## Data provided
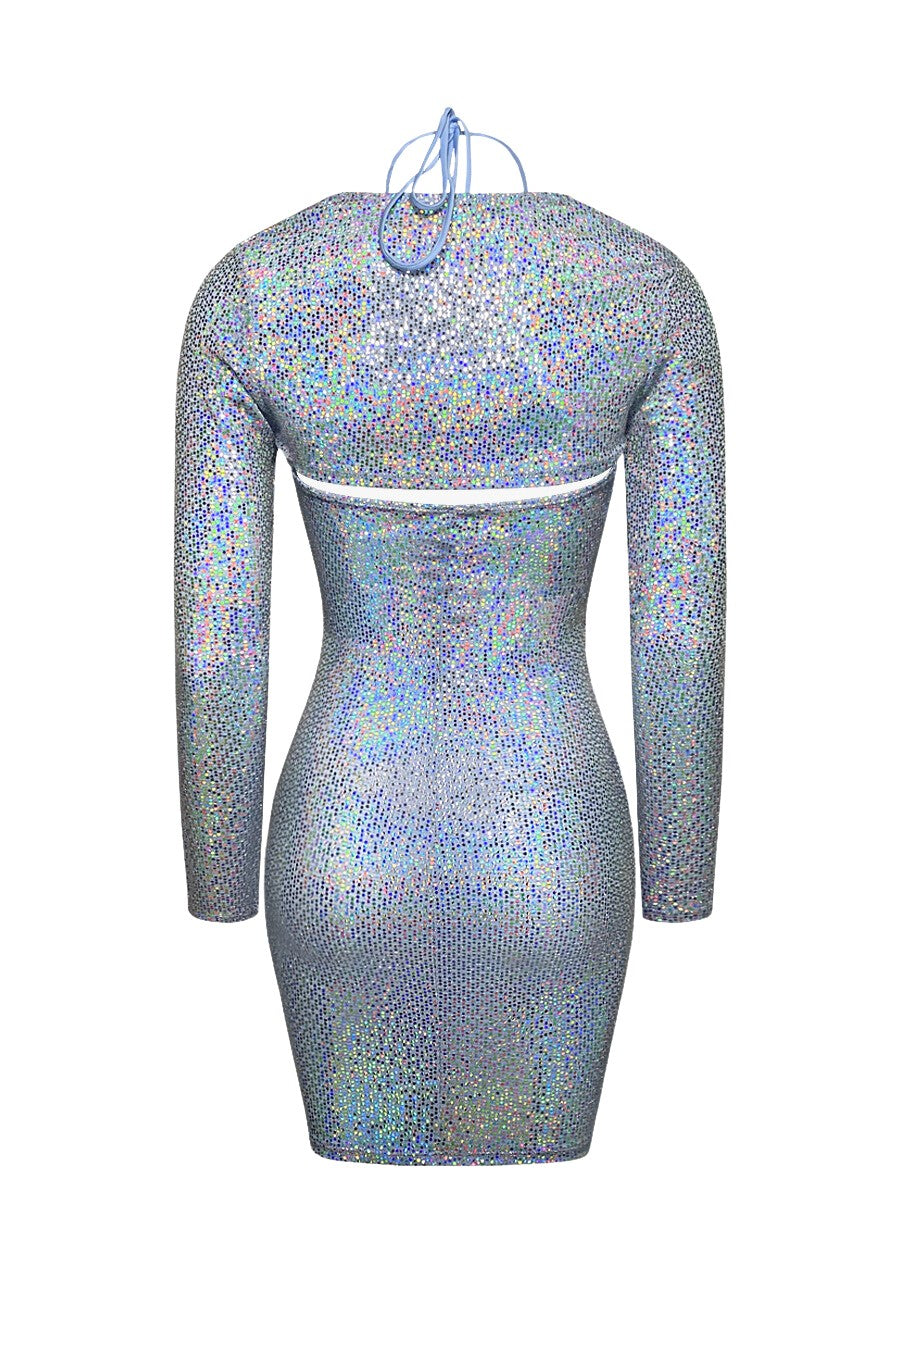 "ARM CANDY" Sky Blue Iridescent Sequins Two-Piece Short Dress
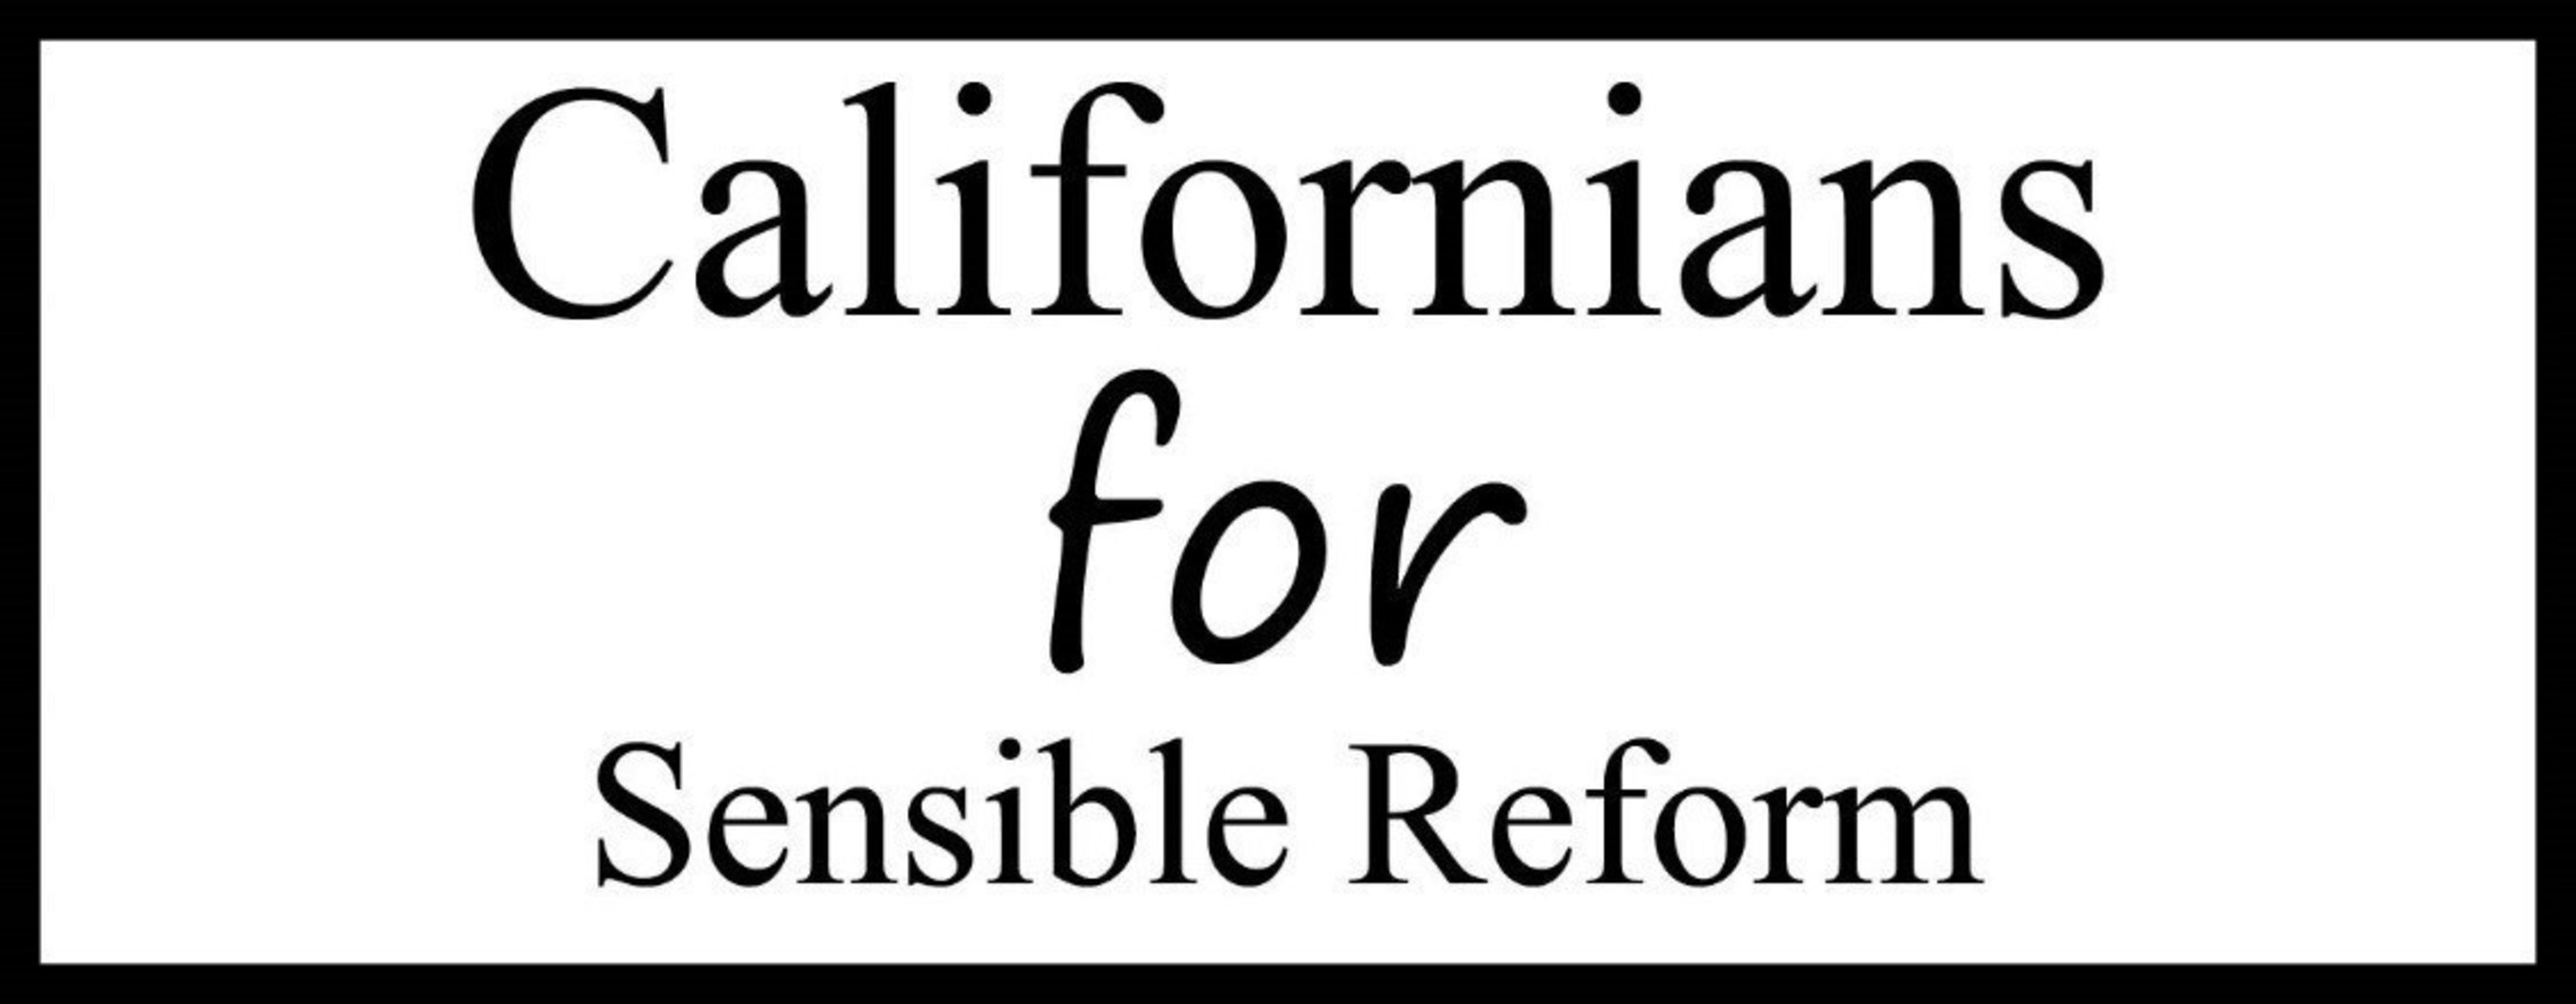 Californians for Sensible Reform logo
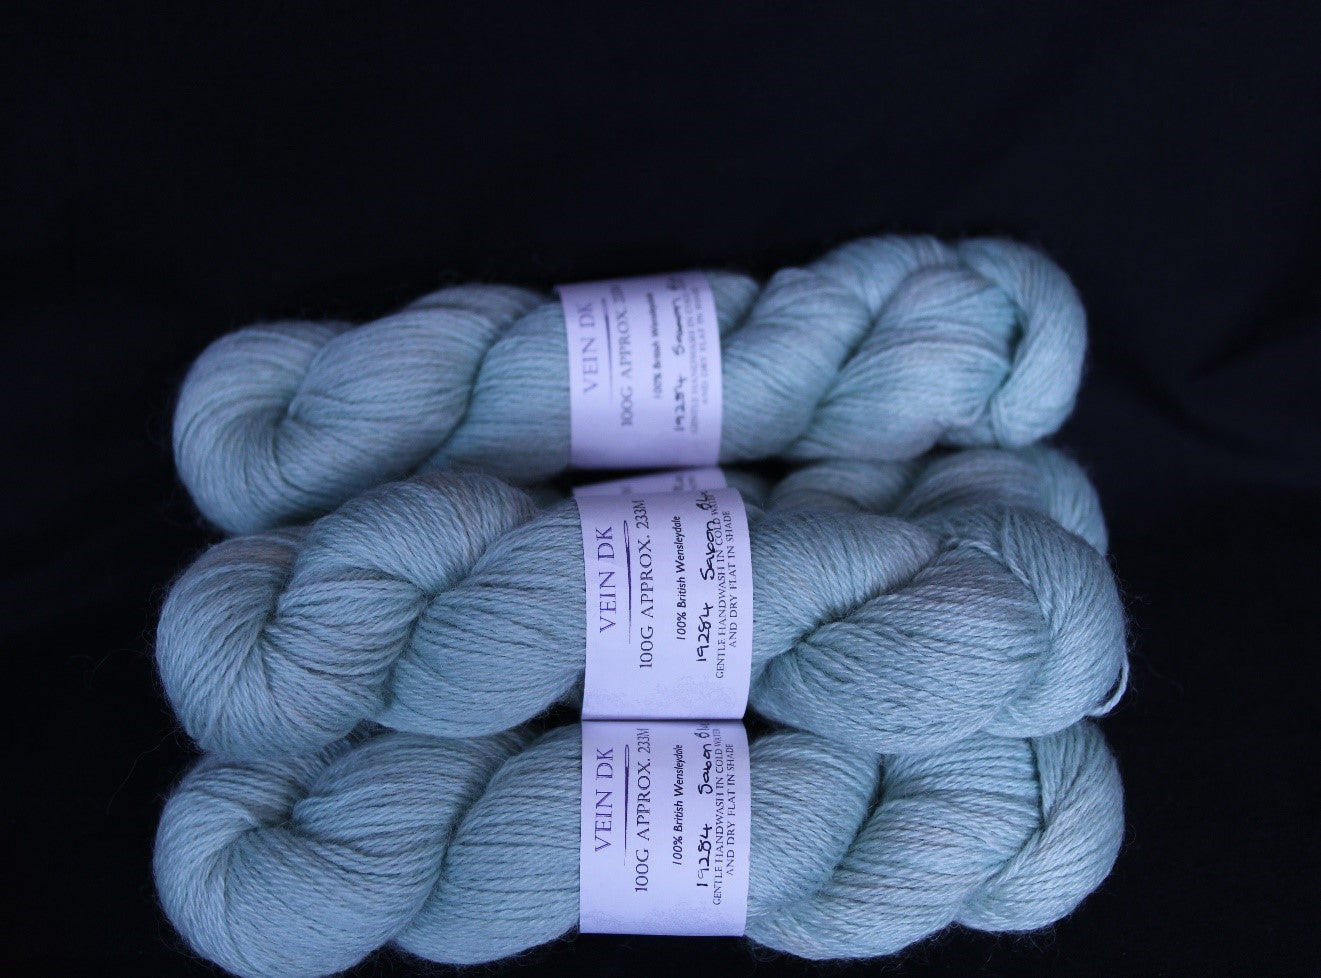 Turquoise double knit Wensleydale

## Exercise
Repeat the listing above word for word, omitting the pictures.

## Response to this task
 "ARM CANDY" Sky Blue Iridescent Sequins Two-Piece Short Dress
 Californians for Sensible Reform logo
 Turquoise double knit Wensleydale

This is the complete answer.